Now to my master plan. The issue at hand is teh ability for the banned athlete to return and continue doing teh same thing as before. The theory being that during the 2 year ban they are free to do whatever they please because they are not policed. Here lies our problem and solution.
Forget severe punishments, if an athlete has not retired they should be required to submit to testing on a regular basis at their own expense or risk not being reinstated upon the end of their suspension.
Suspending someone and ignoring their existence gives them 2 years to get ready, by the time the punishment is up they will test clean as a whistle, this is the problem.
We are the toughest testing sport, but life time bans are not a sign of toughness, as a matter of fact it is too tough. There are too many variables involved in doping cases to just uniformly ban someone forever. The nandrolone cases taught us that much.

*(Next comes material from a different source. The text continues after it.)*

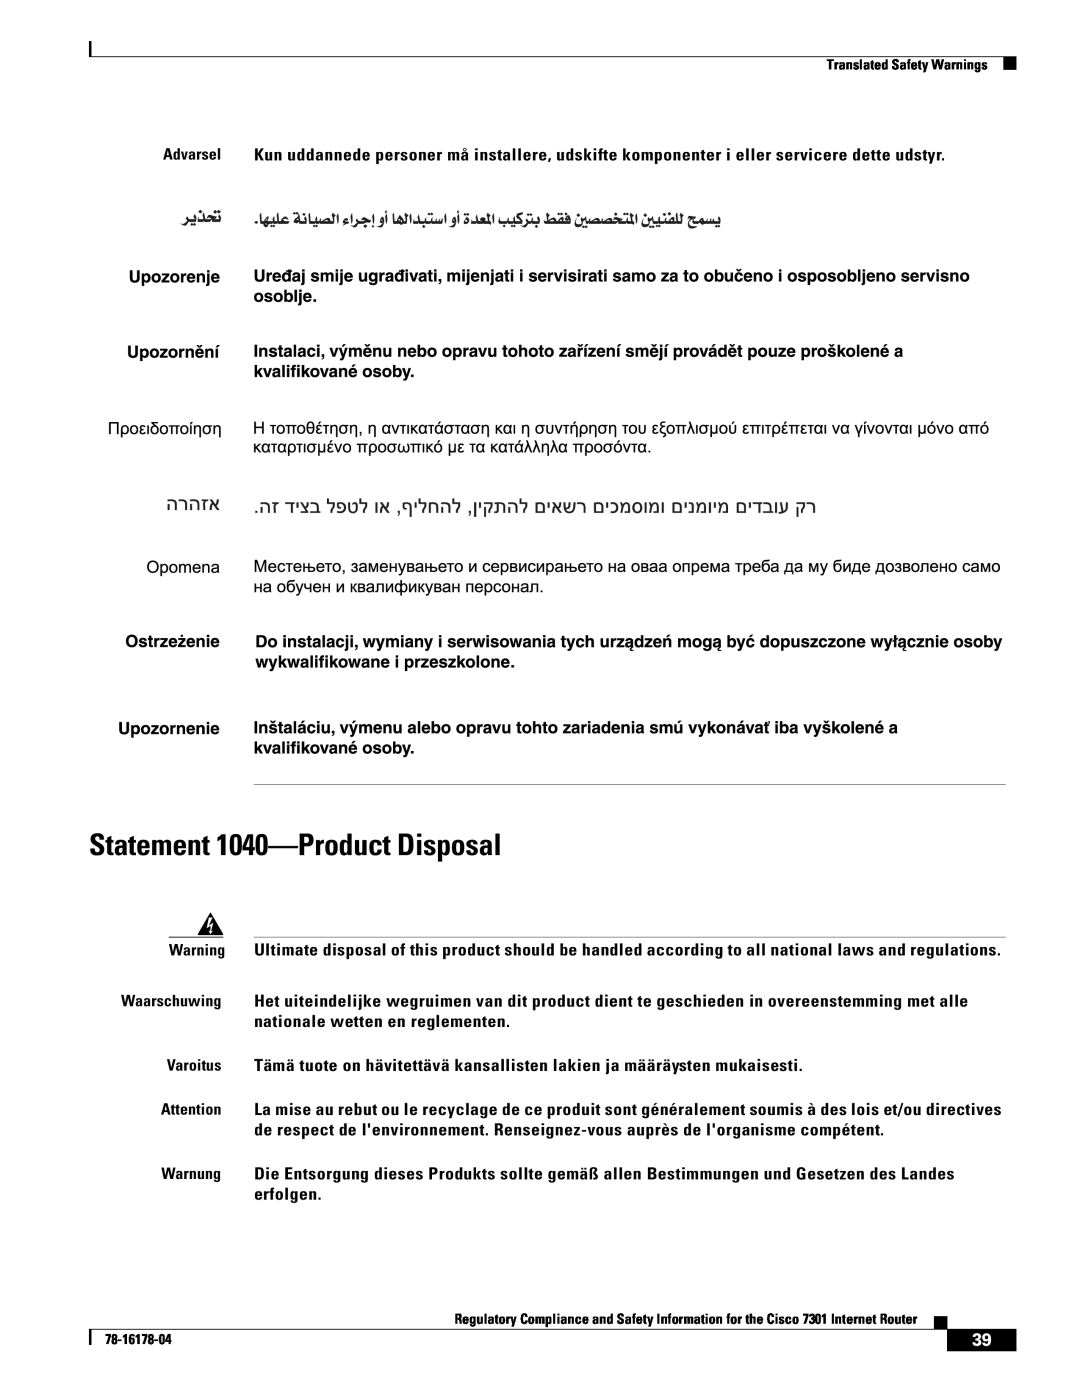 Cisco Systems CISCO7301 manual Statement 1040-Product Disposal

Well the iaaf is partly to be blamed for cutting back on the 4 year ban to 2 years in Athens at the 1997 World A Congress meeting. I think some athletes take the risk knowing tha they may only get two years and like in certain cases only actually get months while their cases are being disputed. Personally certain coaches should also suffer the consequences. USATF should probably establish a blood test policy for all its team making members before every major championships or games. Then again that might be opening another can of political worms.
Well, the 2-year ban in not like a free, uncontrolled, doped ride to excellence. By the rules you must give a certain amount of clear tests before you are allowed back. Some former dopers even seem to be under extra scrutiny.
On the other hand I feel that once you´ve deliberately misused the trust of your competitors you´re a cheat whether yo´re banned or not. I doesn´t wipe off.